Mauro Cozzoli: “Prima che un reato davanti alla legge, il razzismo è un peccato davanti alla coscienza. Per il cristiano c’è un motivo ulteriore per dire che il razzismo è un peccato: è il motivo che gli viene dalla fede, portatrice della figliolanza divina e con essa della coscienza che ogni altra persona è mio fratello e mia sorella”

Mons. Mauro Cozzoli, docente di teologia morale
Mons. Mauro Cozzoli, docente di teologia morale

“La battuta del senatore Calderoli mi sembra irrispettosa e offensiva della persona, che viene disconosciuta nella sua dignità, al limite di posizioni e opinioni razziste che non hanno alcuna scusante e attenuante”. È netto il giudizio di monsignor Mauro Cozzoli, docente di teologia morale alla Pontificia Università Lateranense, sul “caso Kyenge”, che continua a monopolizzare l’attenzione dei media. Abbiamo interpellato il teologo sulle conseguenze che prese di posizione del genere possono avere sull’opinione pubblica.

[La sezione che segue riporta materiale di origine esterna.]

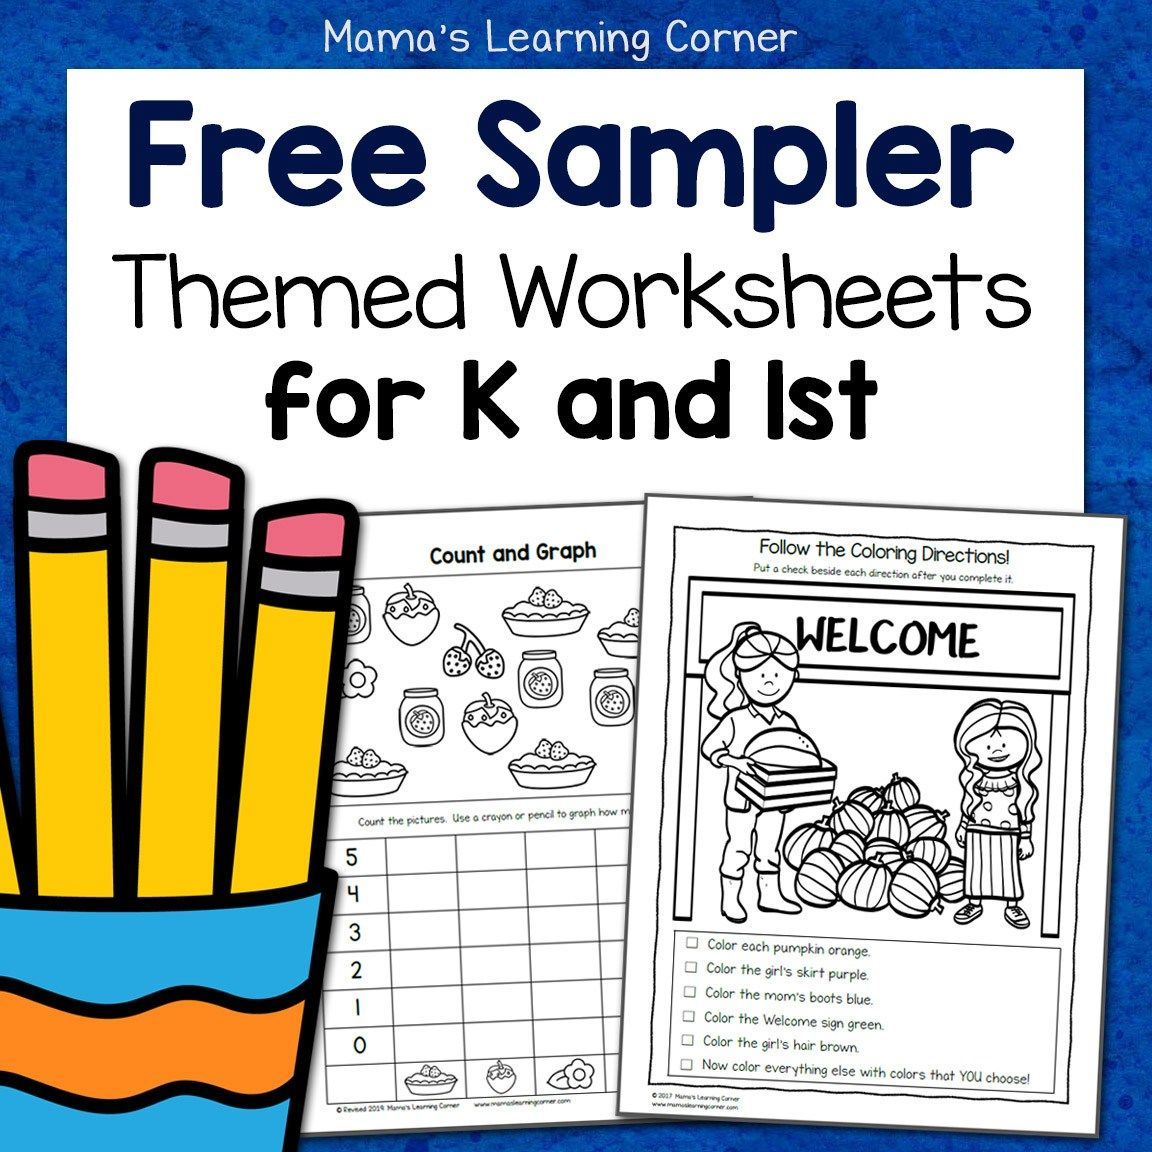 Free Kindergarten And First Grade Worksheet Sampler Packet First Grade Worksheets Kindergarten Worksheets Kindergarten Worksheets Printable [ 1152 x 1152 Pixel ]

Il “caso Kyenge”, a suo avviso, pone all’ordine del giorno una sorta di razzismo latente in Italia?
“Certamente esistono forme latenti di razzismo che poi esplodono in maniera evidente, specie in talune adunate. Negli stadi, ad esempio, molte volte si assiste a striscioni e cori di tipo razzista nei confronti di persone di colore. Ma anche nella politica, sia pure in forme non così palesi e corali come negli stadi, assistiamo a volte a prese di posizioni ed espressioni di tipo razzista. Ugualmente nella società civile, dove basta poco a dare la stura a reazioni d’intolleranza e pregiudizio, basta un evento delittuoso a far esplodere il sospetto e la reazione contro il diverso, l’immigrato, il non-appartenente. È una sorta di razzismo silenzioso che cova sotto la cenere, che all’occasione emerge e prende fuoco. Vorremmo che in una società moralmente e socialmente progredita, quale noi diciamo di essere, il razzismo fosse bandito dai cuori e dalle menti per esserlo dai linguaggi e dalle azioni”.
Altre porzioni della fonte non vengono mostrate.